- **Problem**
Retype exactly the span of lines below from the one with "Horor na lodi" through the one with "H382 - LETTRE". Do not include pictures.

- **Exercise data**
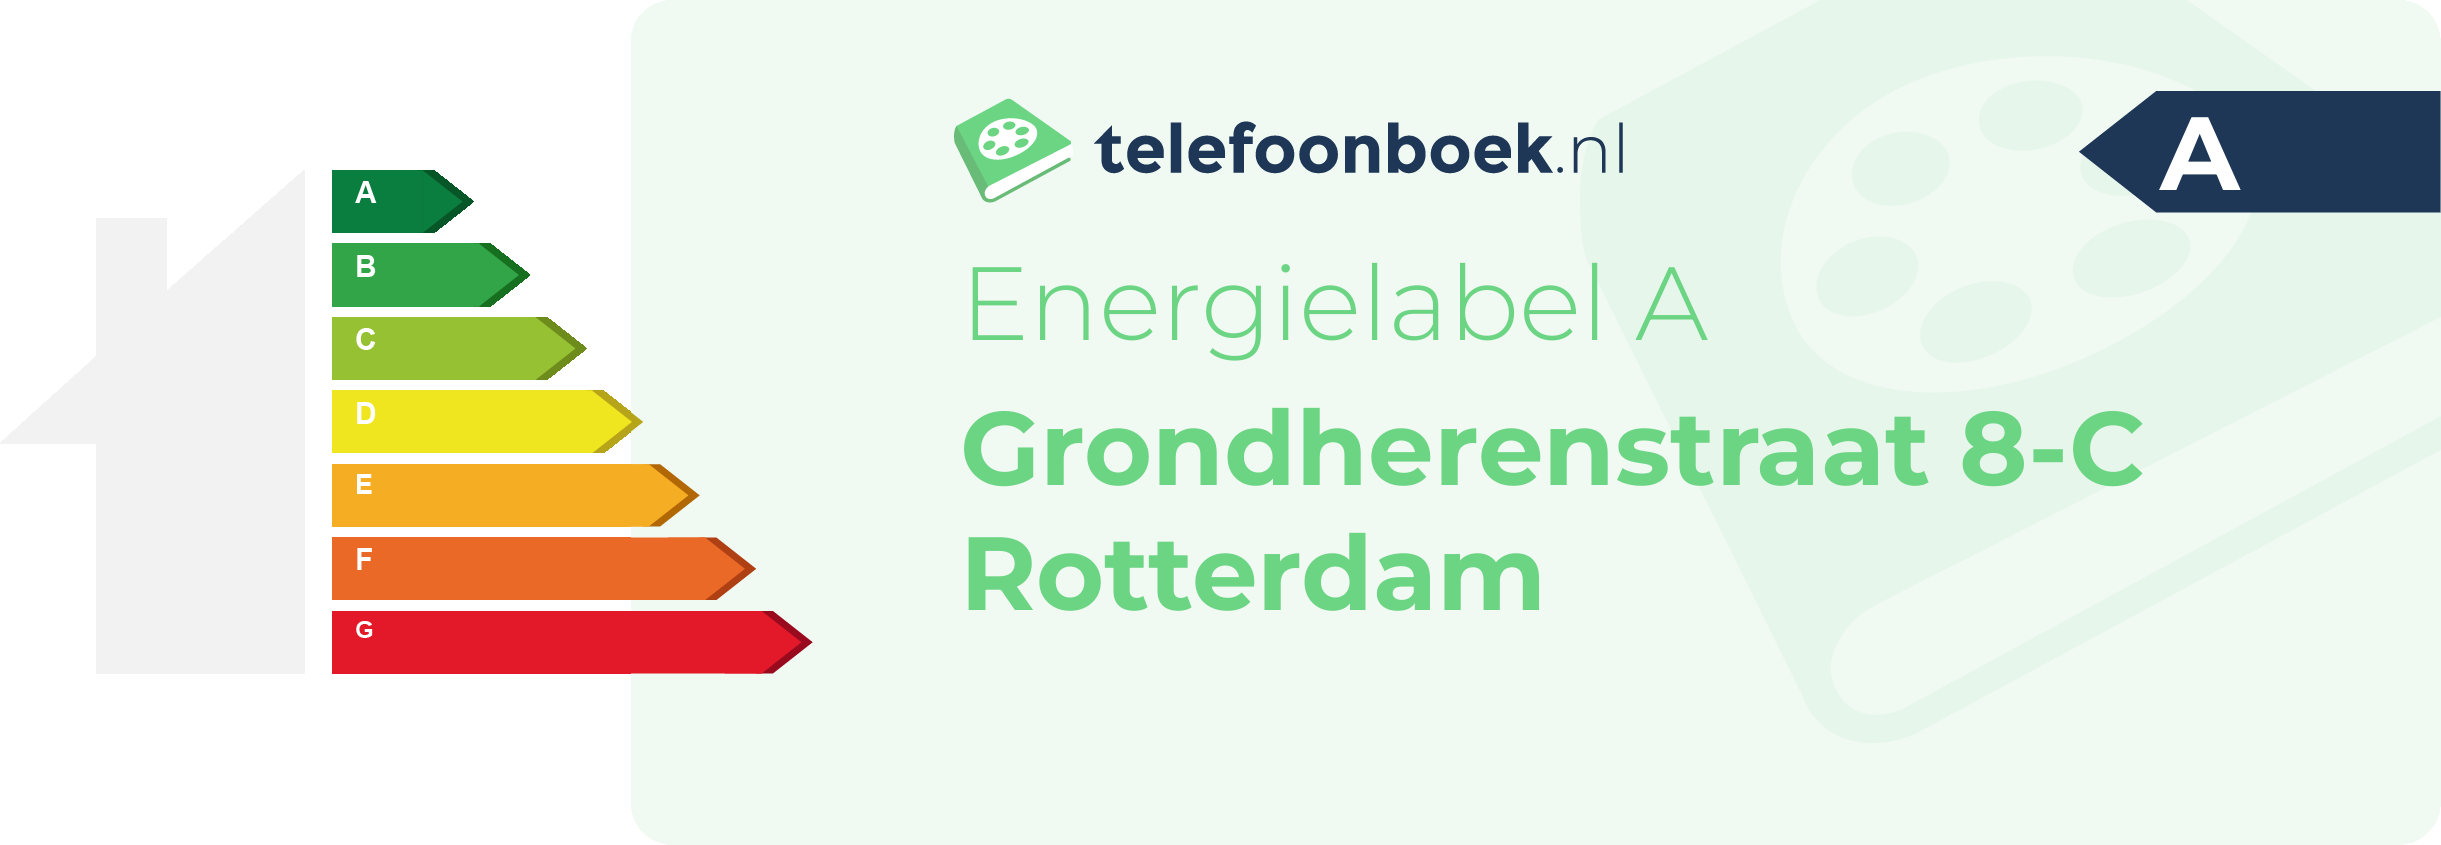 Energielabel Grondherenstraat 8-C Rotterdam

---

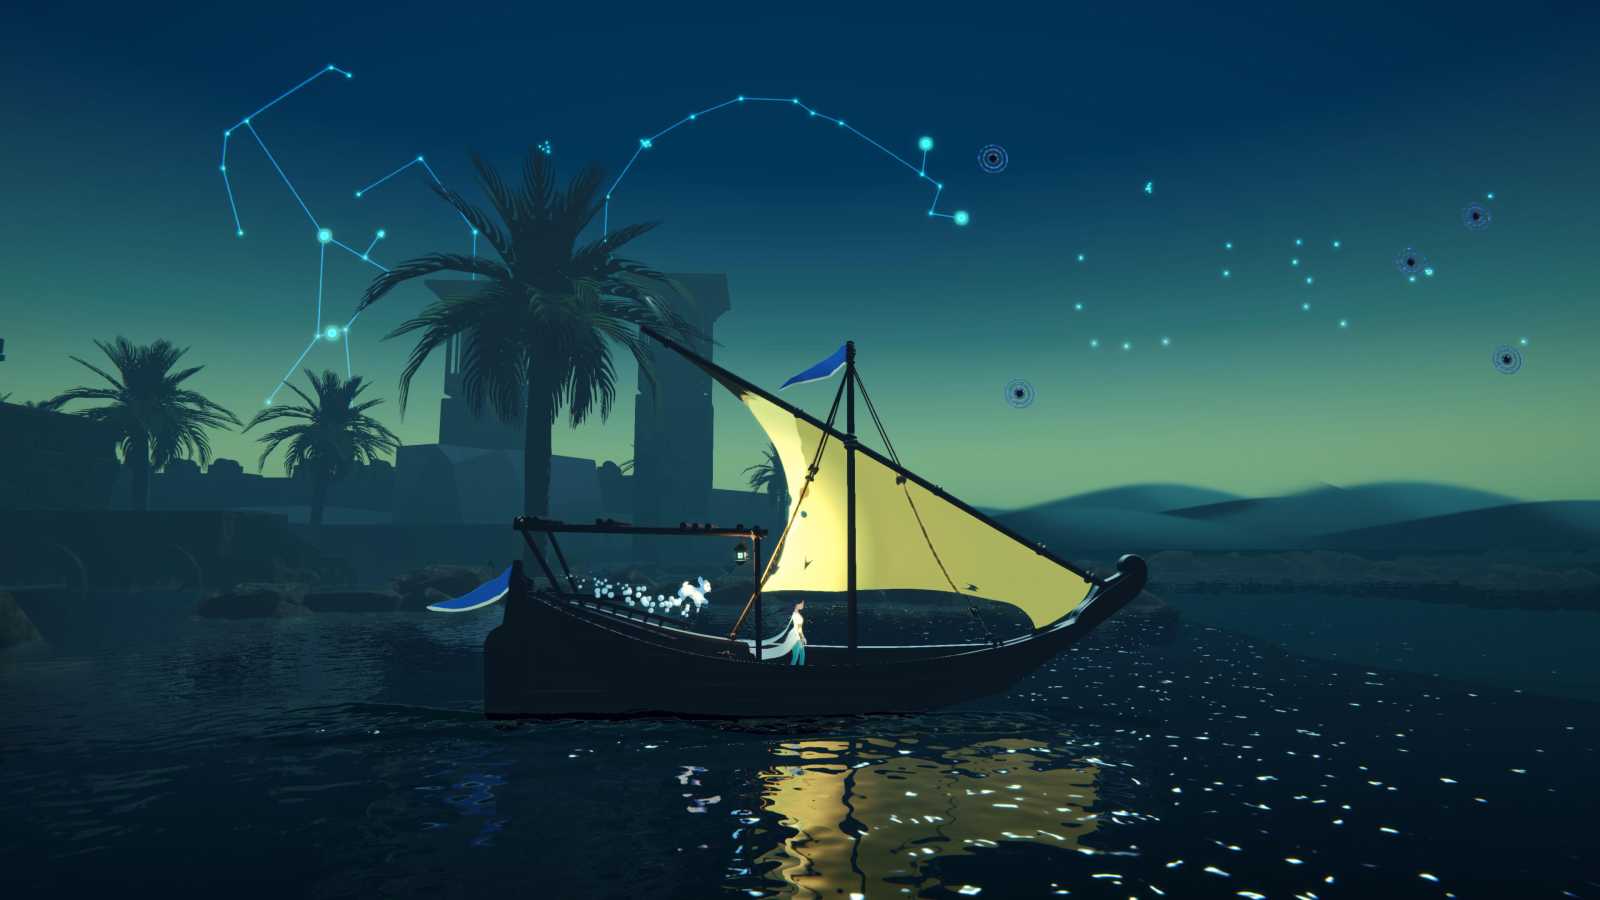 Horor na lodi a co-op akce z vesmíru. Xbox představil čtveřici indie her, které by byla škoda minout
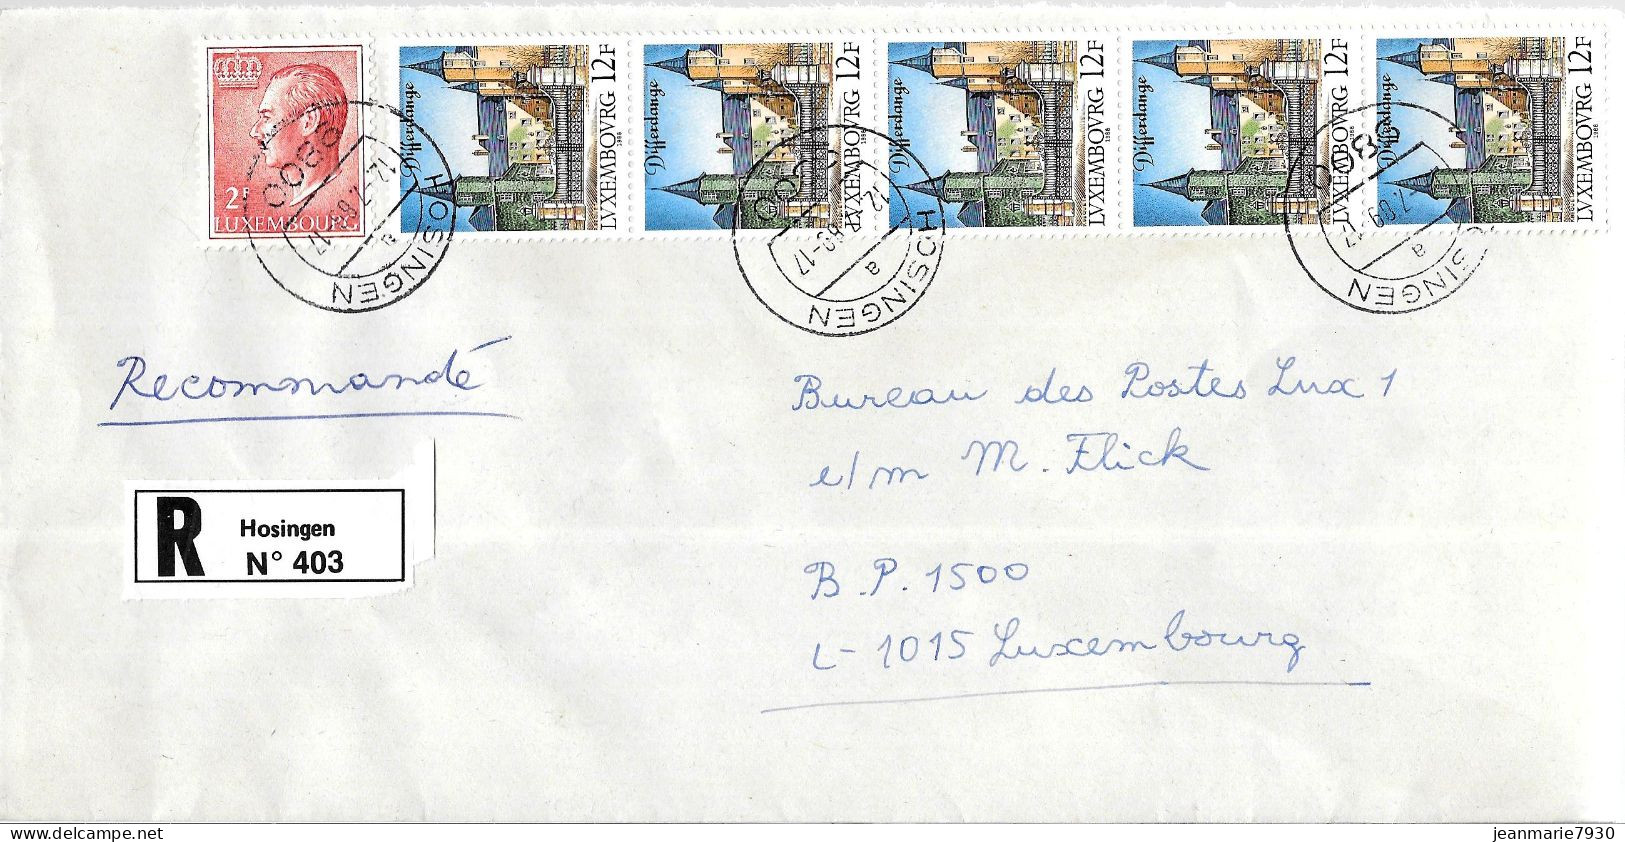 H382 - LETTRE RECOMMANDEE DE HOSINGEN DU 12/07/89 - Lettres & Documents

==

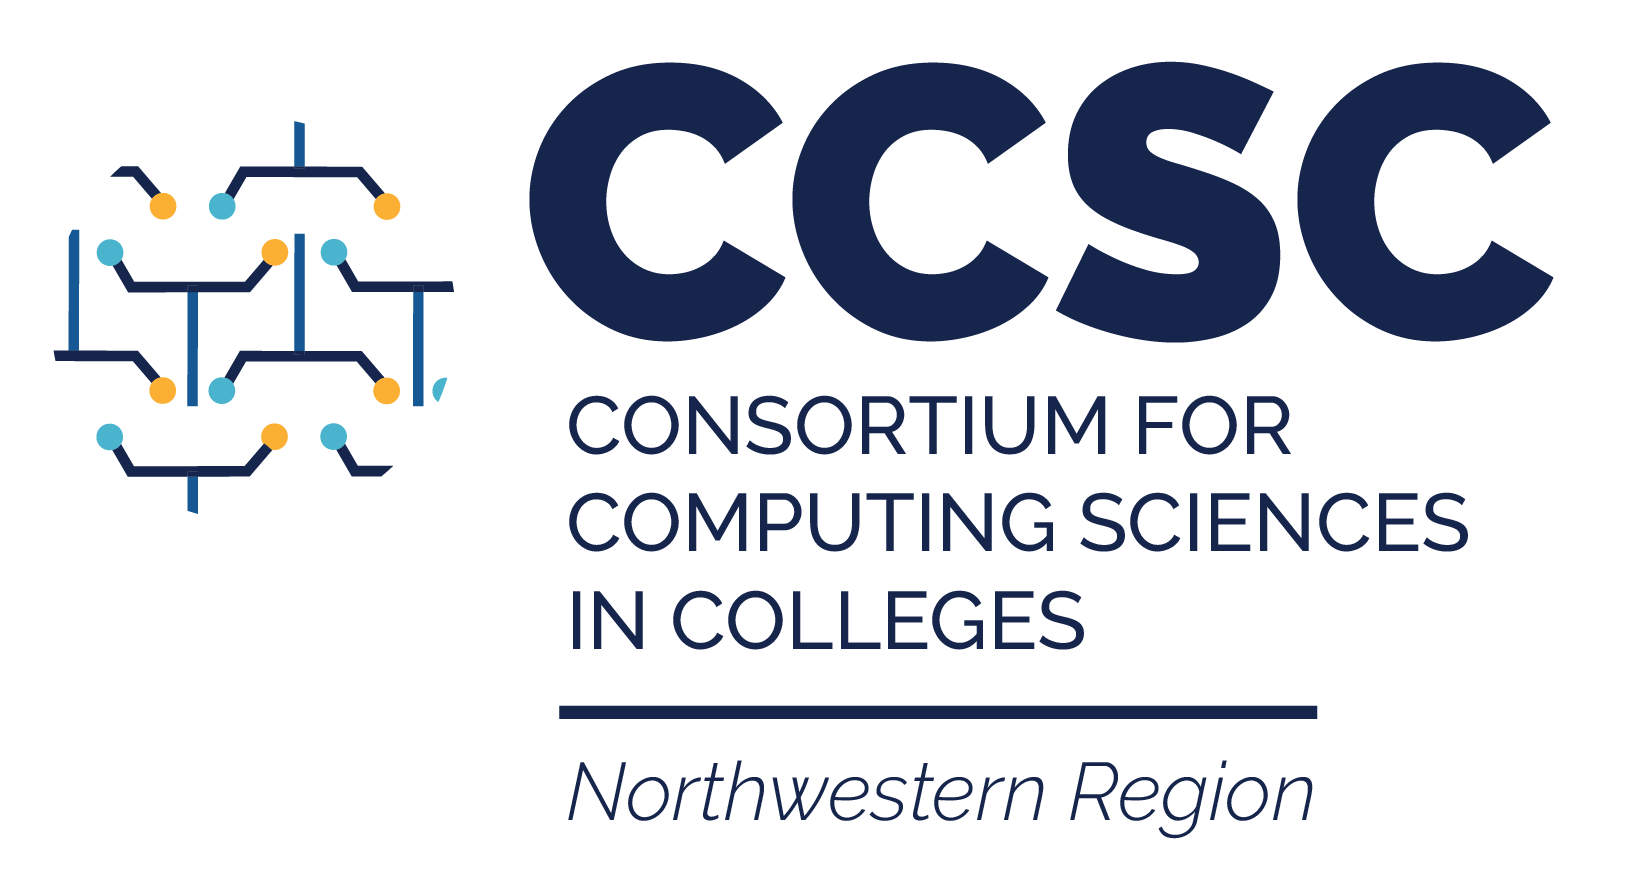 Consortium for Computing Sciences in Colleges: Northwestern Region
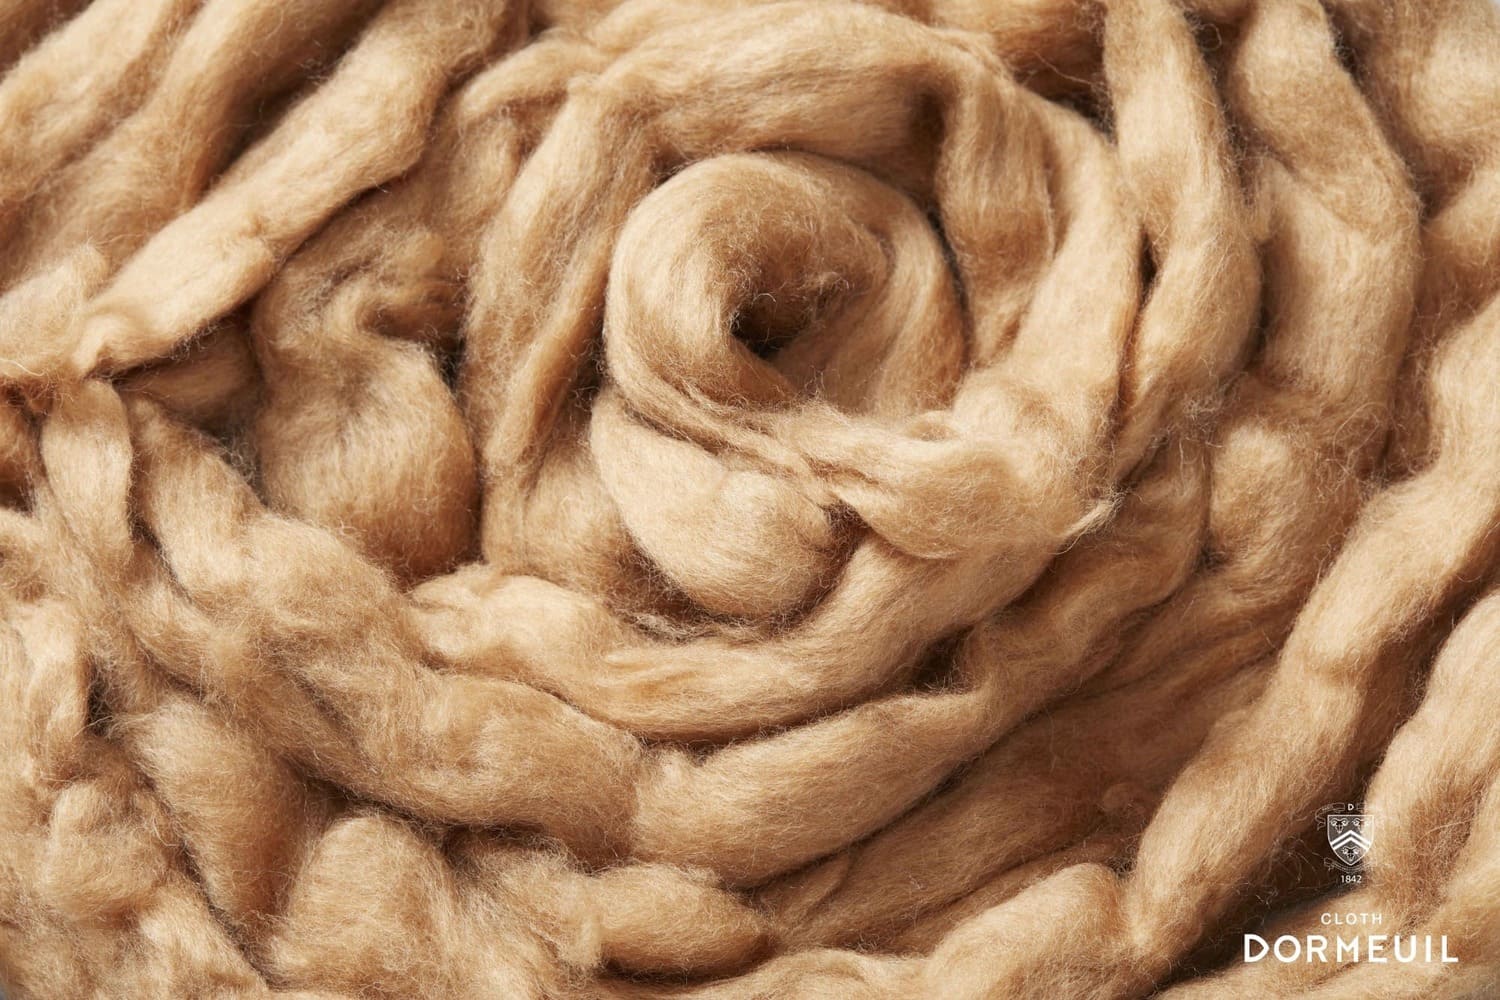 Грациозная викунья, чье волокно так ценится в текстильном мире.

- **Exercise result**
 Horor na lodi a co-op akce z vesmíru. Xbox představil čtveřici indie her, které by byla škoda minout
 H382 - LETTRE RECOMMANDEE DE HOSINGEN DU 12/07/89 - Lettres & Documents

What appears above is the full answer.